Select Page

I was not much more than a toddler, exploring the backyard. I was a stones’ throw away from our garden, where Dad was no doubt trying to hoe his row to the end. But his work would have to wait when I announced my latest, neatest, coolest discovery: “Look, Daddy! A baby snake!”

I see myself staring down, slack-jawed, marveling at the magical, wriggling copperhead in front of my little sneakers. I decided instantly that the wisest course of action was to grab him before he got scared and tried to slither away.

I never even saw Dad coming. The hoe swiftly came down, the snake went in two different directions, and any designs I had on adding him to my pet collection were chopped into lifelessness.

Whether copperhead or cobra, it strains the brain to imagine the small hands of a child reaching down to pick one up while a parent looks on, saying nothing except, “Son, when you get done playing with that one, check out the fangs on this viper over here!”

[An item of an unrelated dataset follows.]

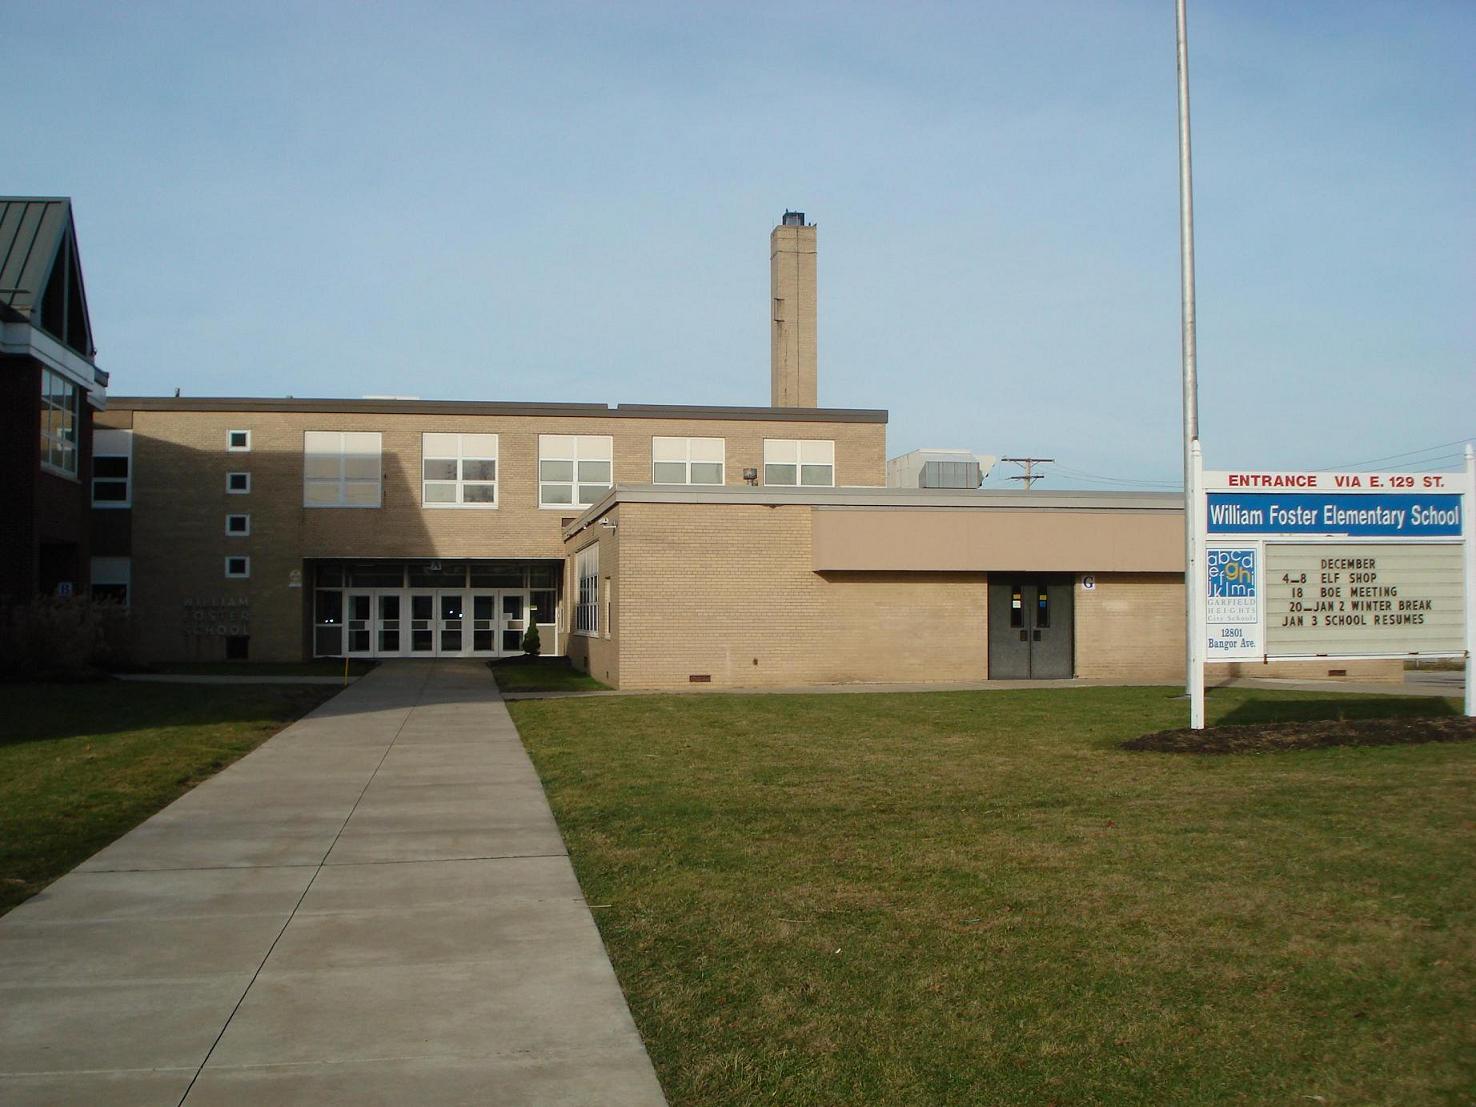 William Foster Elementary School

But that’s what Isaiah 11:6-8 describes:

“The wolf will live with the lamb,
the leopard will lie down with the goat,
the calf and the lion and the yearling together;
and a little child will lead them.
The cow will feed with the bear,
their young will lie down together,
and the lion will eat straw like the ox.
The infant will play near the cobra’s den,
and the young child will put its hand into the viper’s nest.”

It is just as mind-bending to imagine a news cycle that fails to mention harming or destroying, unrighteousness and injustice. We live in a world that seems unstruck by the rod of his mouth, where the wicked do their devilish work, unslain (cf. 11:4). Isaiah tries to transport us to a world where all of that is no more.

People can be “destroyed for lack of knowledge” (Hos. 4:6). And not knowing God is the fastest way to dismantle your life. Maybe that’s why the wonderful, peaceful world Isaiah envisions is one in which the whole earth has jumped off the high dive and plunged down deep into an ocean of truly knowing God.